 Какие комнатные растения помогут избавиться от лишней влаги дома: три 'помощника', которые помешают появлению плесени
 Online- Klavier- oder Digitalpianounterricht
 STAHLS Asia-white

· · ·

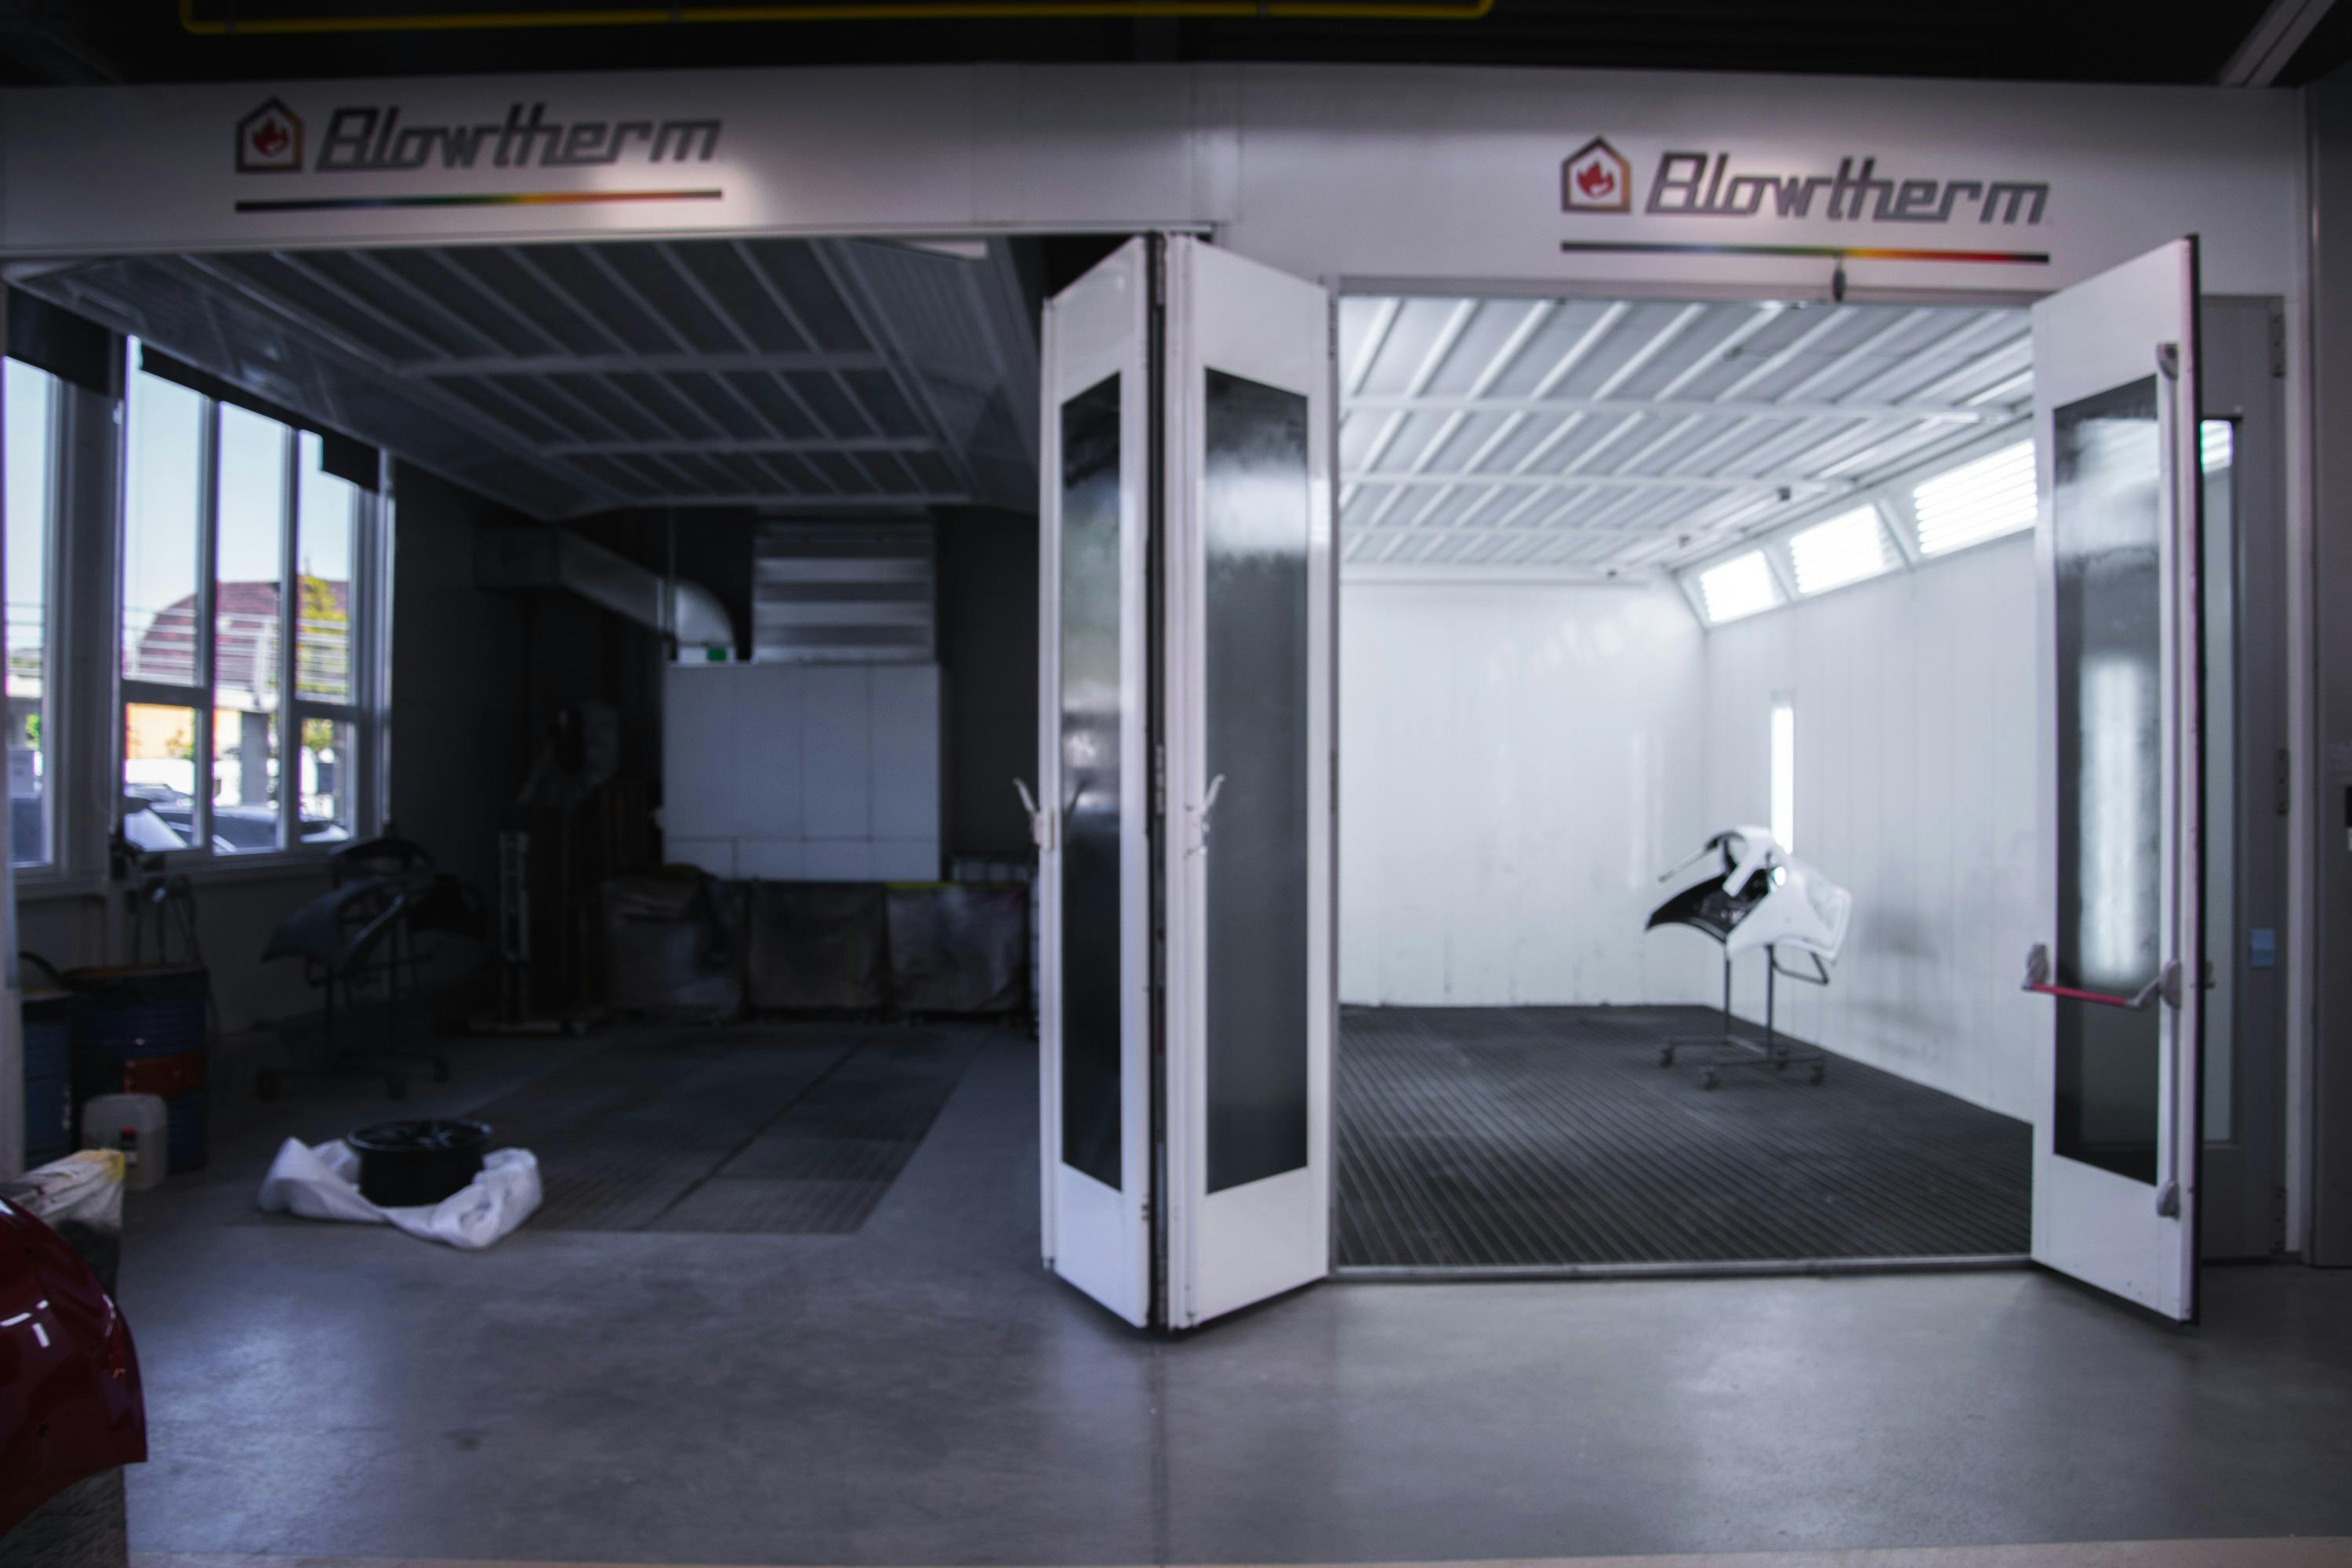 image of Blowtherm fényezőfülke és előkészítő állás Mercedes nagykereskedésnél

· · ·

## What the task asks
Start with the line above that contains "Какие комнатные растения" and stop after the line that contains "STAHLS Asia-white". Output those lines exactly, and only those.

## Answer space
 Какие комнатные растения помогут избавиться от лишней влаги дома: три 'помощника', которые помешают появлению плесени
 Online- Klavier- oder Digitalpianounterricht
 STAHLS Asia-white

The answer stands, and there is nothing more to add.